MIAMI -- A tropical storm warning was issued Friday for parts of North and South Carolina as Ana approached the U.S. coast, kicking up rough surf and rip currents ahead of what was forecast to be a rainy weekend.

The storm formed nearly a month before the Atlantic Hurricane season officially kicks off June 1. The U.S. National Hurricane Center in Miami said Friday that Ana's maximum sustained winds are near 45 mph with slight strengthening forecast during the next day or so.

The storm is centered about 170 miles south-southeast of Myrtle Beach, South Carolina. The Hurricane Center says it's been nearly stationary over the last few hours but is expected to move north-northwest later in the day.

The tropical storm warning is in effect from the south Santee River in South Carolina to Surf City, North Carolina.

Rain is a concern because the system is moving so slow and won't clear out quickly. Ana is expected to deliver 2 to 4 inches of rain over the weekend, with some areas getting up to 6 inches.

Ana is currently a subtropical system, meaning it has characteristics of both a tropical storm, which gets its energy from warm ocean waters, and a traditional storm system driven by temperature changes.

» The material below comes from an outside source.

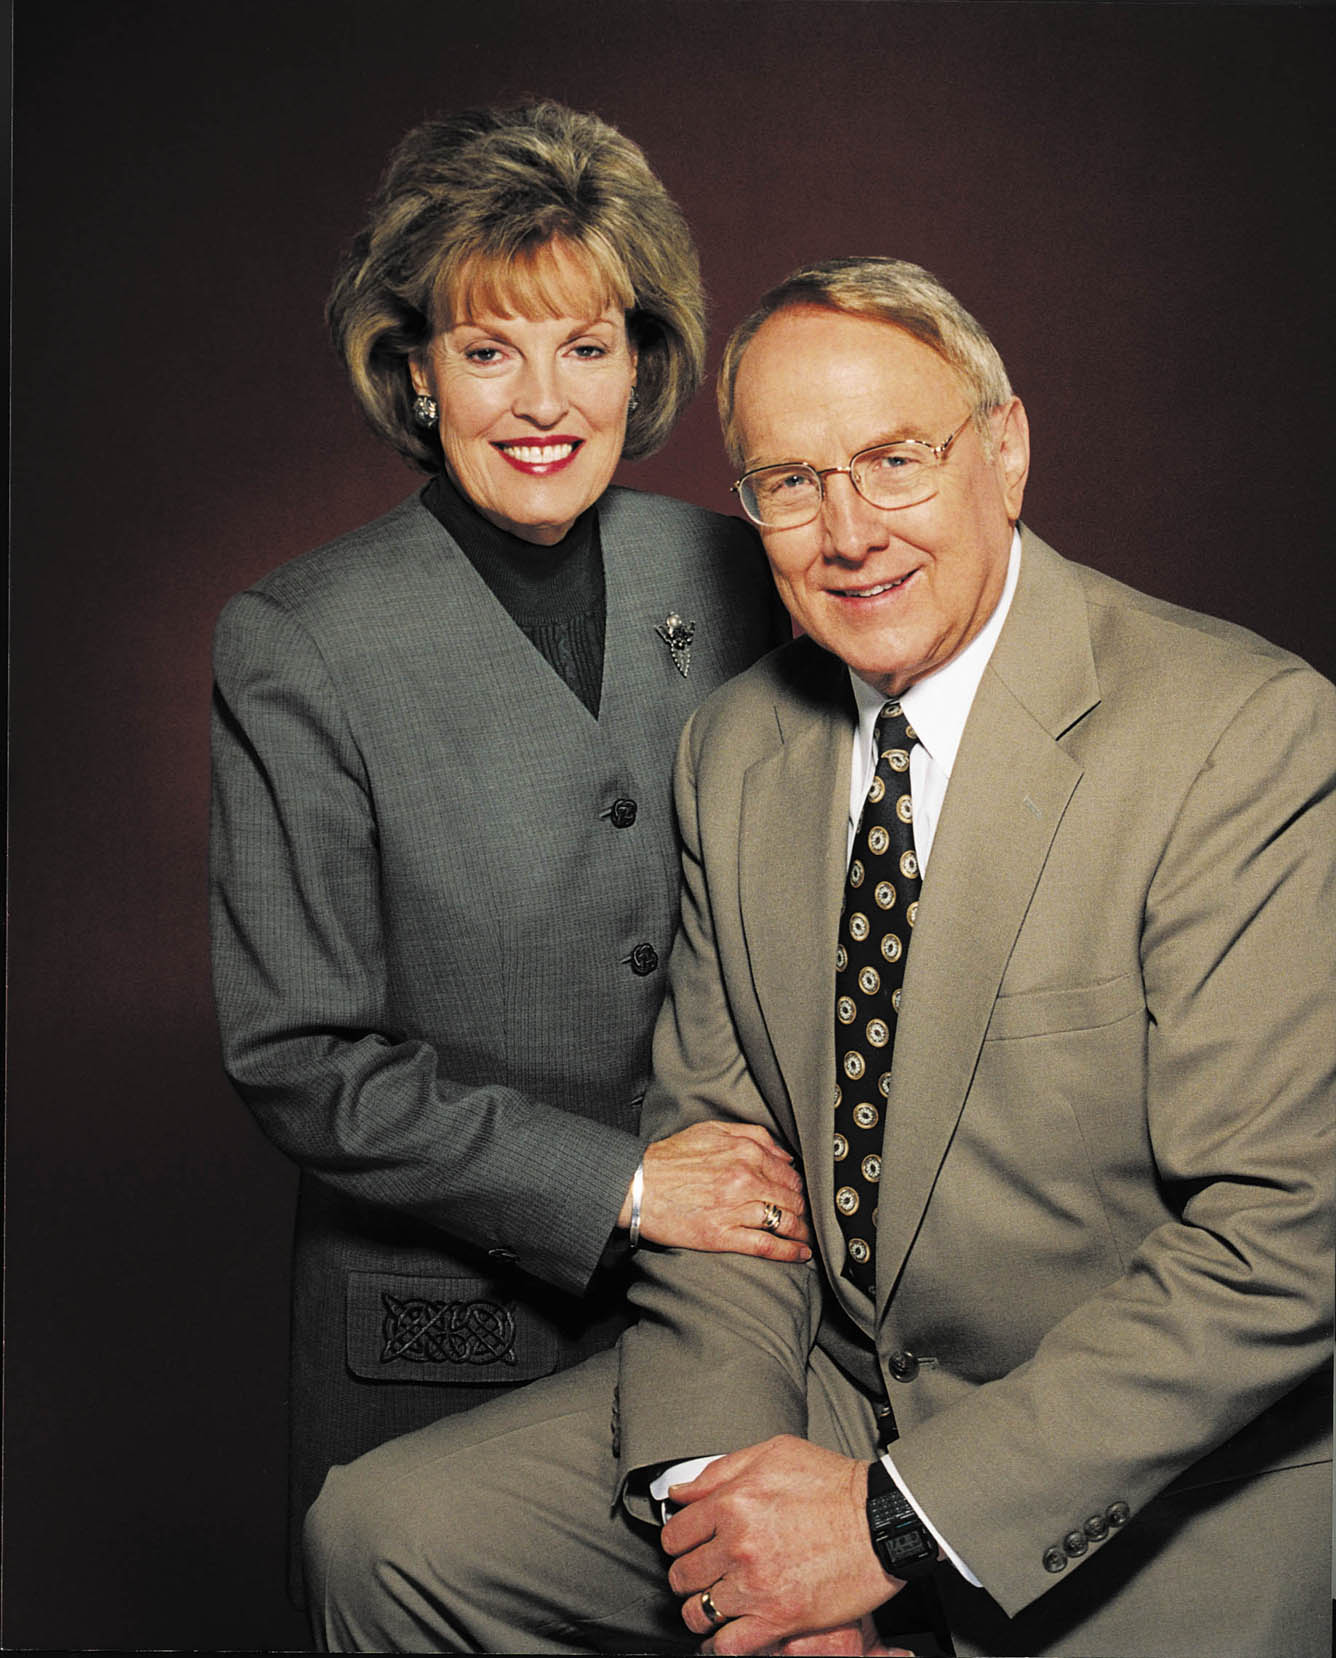 james dobson focus on the family movie reviews

"There's that just little prefix 'sub' before the storm that has meaning for meteorologists, but to the public it doesn't really matter," said James Franklin, chief of the Hurricane Center's Hurricane Specialist Unit.

Forecasters are also warning people to avoid dangerous surf and rip currents being kicked up by the storm. Some isolated flooding is also expected in some areas along the coast.

"We've lost a lot of lives in rip currents, let's try not to do that this weekend," said Hurricane Center director Rick Knabb.

May storms aren't unusual, with one forming every few years or so, Knabb said. But Ana marks the earliest subtropical or tropical storm to form in the Atlantic since 2003, the Hurricane Center said in a tweet. That storm's name? Ana.